*Source material:*
########
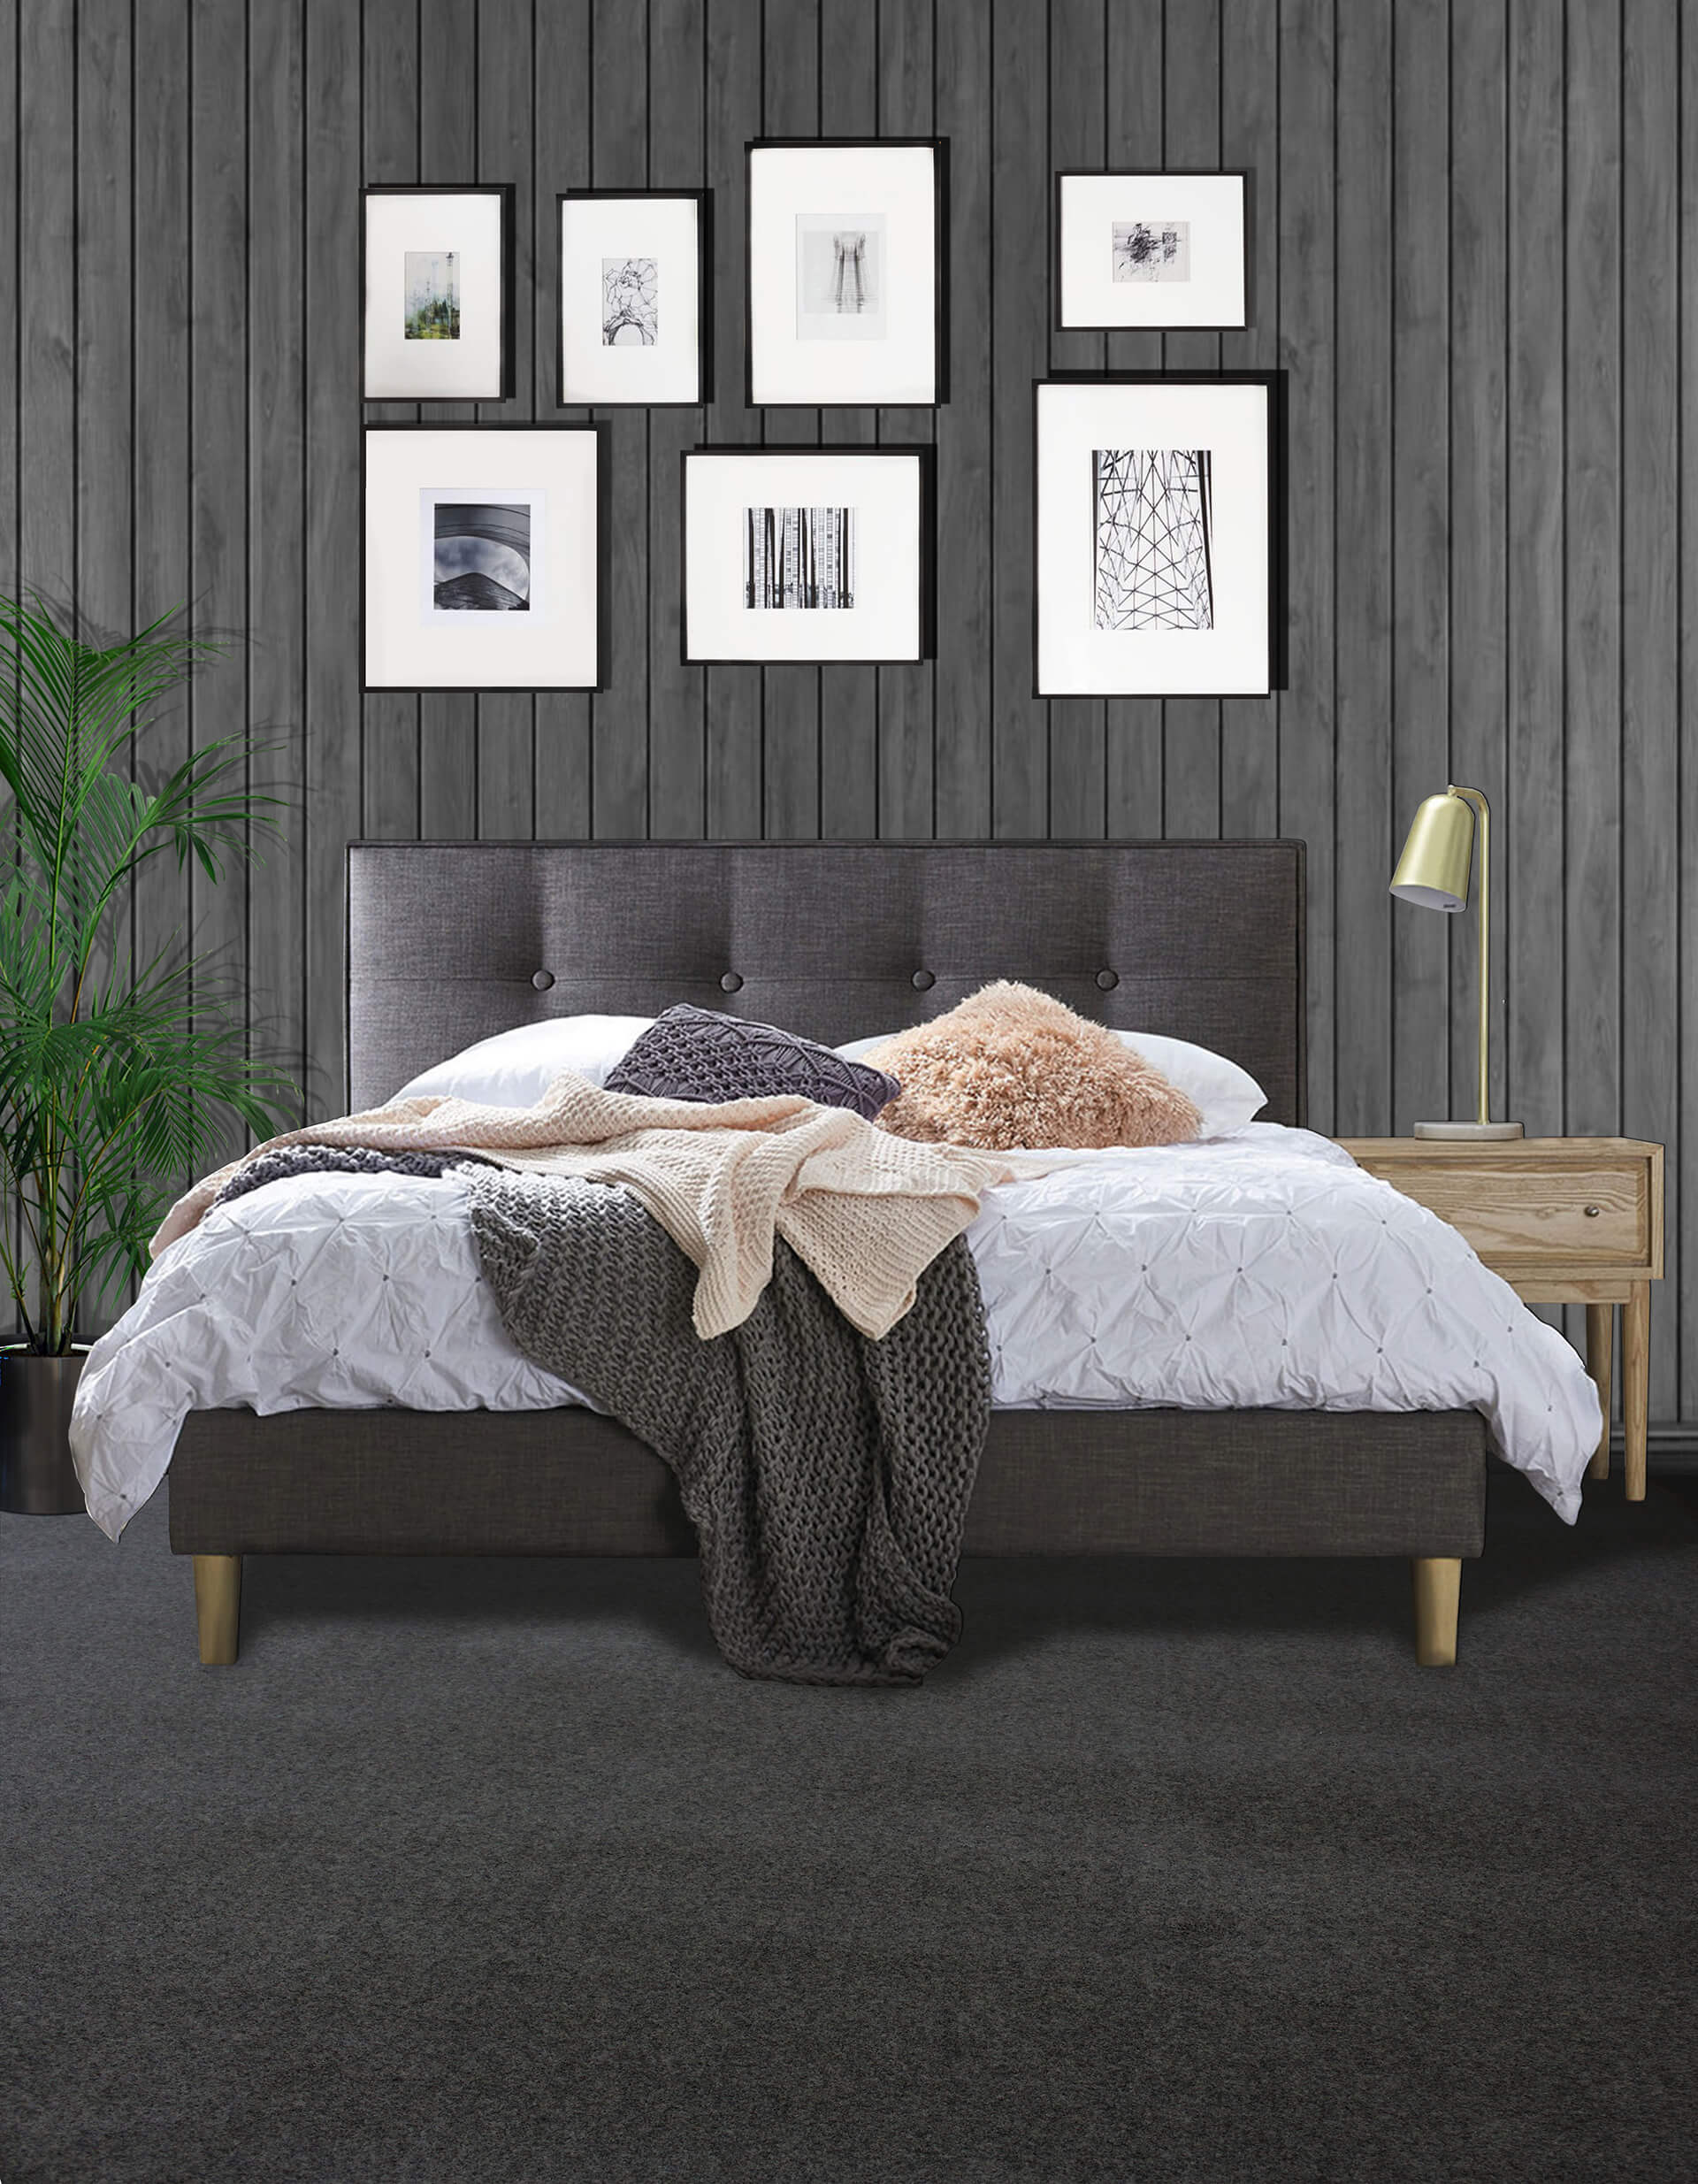 518-plain-bed
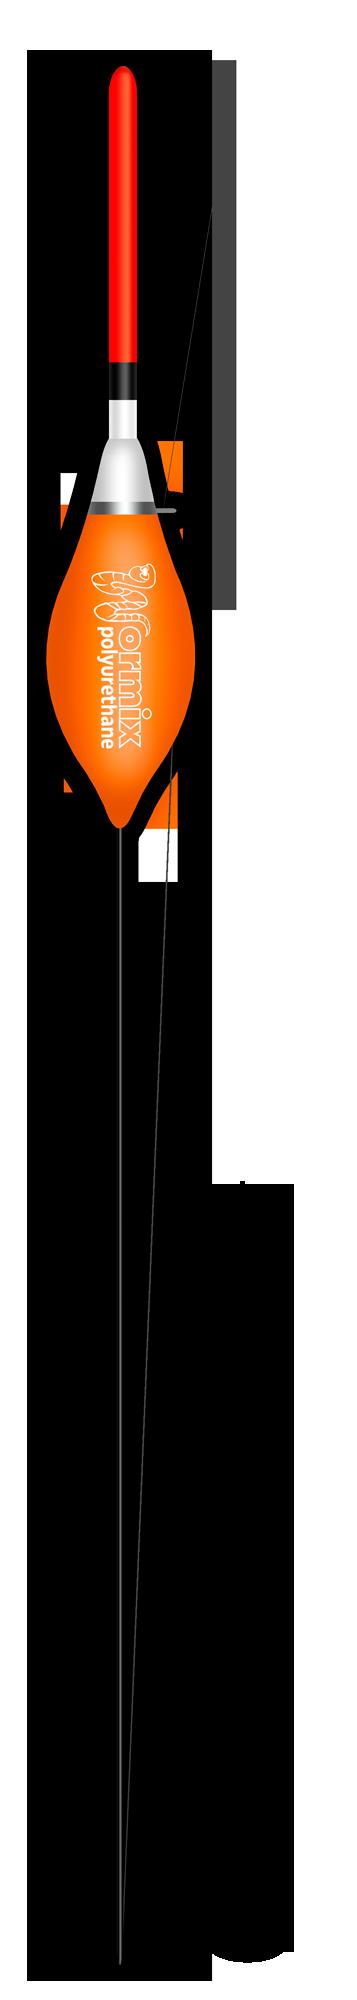 Поплавок Wormix полиуретановый 810 - 4 гр
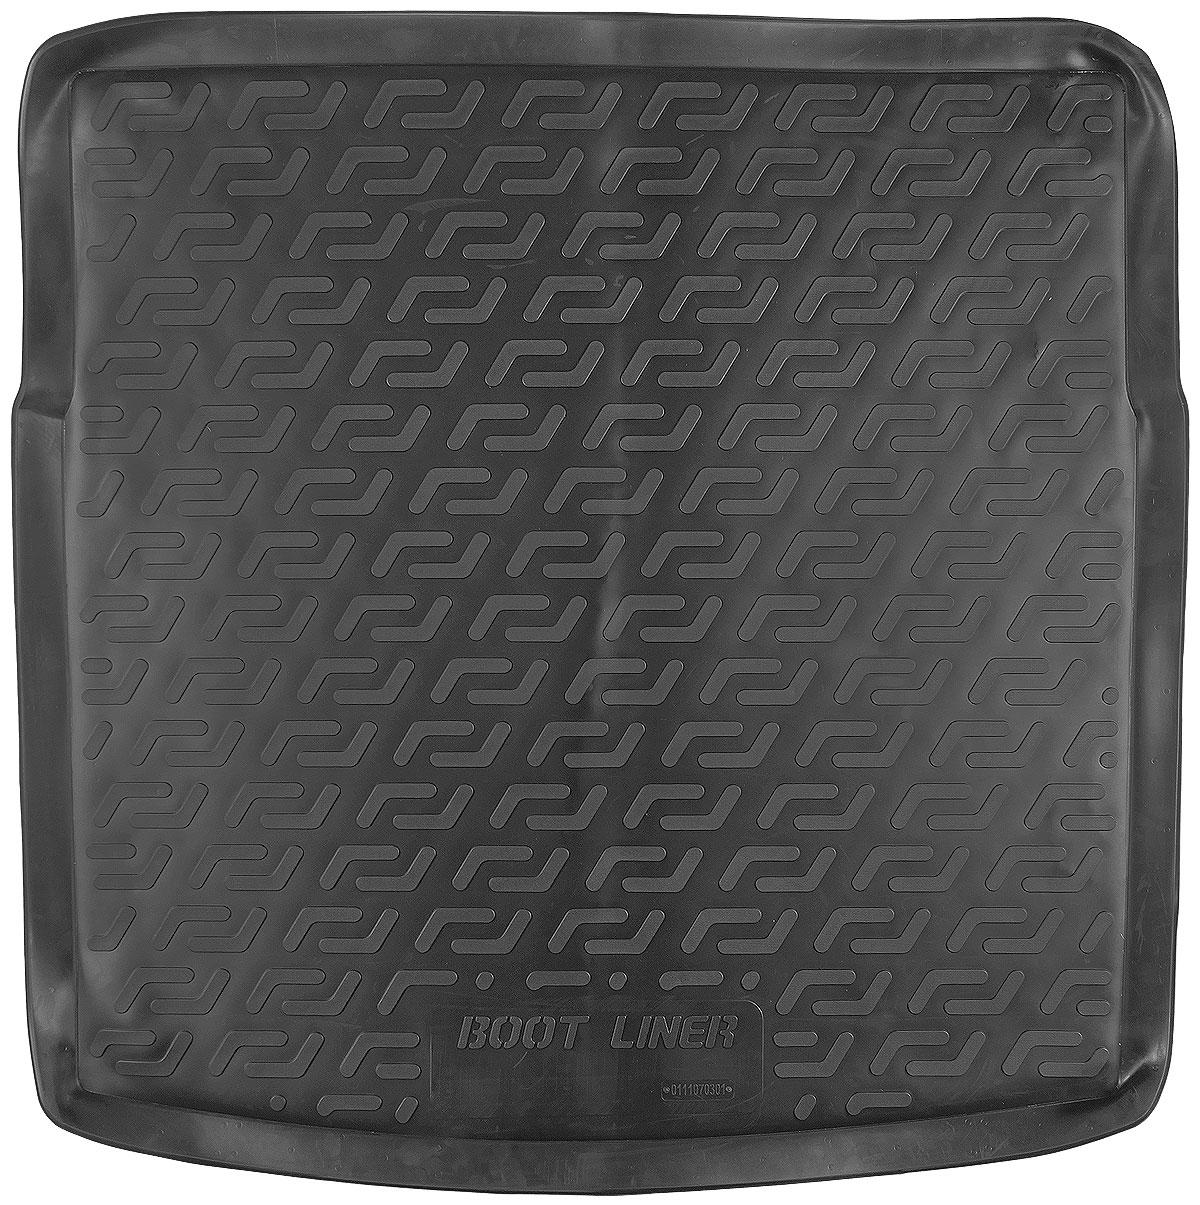 Коврик в багажник L.Locker, для Opel Insignia Sports Tourer (09-)0111070301Коврик L.Locker производится индивидуально для каждой модели автомобиля из современного и экологически чистого материала. Изделие точно повторяет геометрию пола автомобиля, имеет высокий борт, обладает повышенной износоустойчивостью, антискользящими свойствами, лишен резкого запаха и сохраняет свои потребительские свойства в широком диапазоне температур (от -50°С до +80°С).
########
*What to produce:* Once the line containing "Поплавок Wormix полиуретановый 810 - 4 гр" has been found, write out exactly that line and each one after it through the end of the data, leaving out every picture.

*Response box:*
 Поплавок Wormix полиуретановый 810 - 4 гр
 Коврик в багажник L.Locker, для Opel Insignia Sports Tourer (09-)0111070301Коврик L.Locker производится индивидуально для каждой модели автомобиля из современного и экологически чистого материала. Изделие точно повторяет геометрию пола автомобиля, имеет высокий борт, обладает повышенной износоустойчивостью, антискользящими свойствами, лишен резкого запаха и сохраняет свои потребительские свойства в широком диапазоне температур (от -50°С до +80°С).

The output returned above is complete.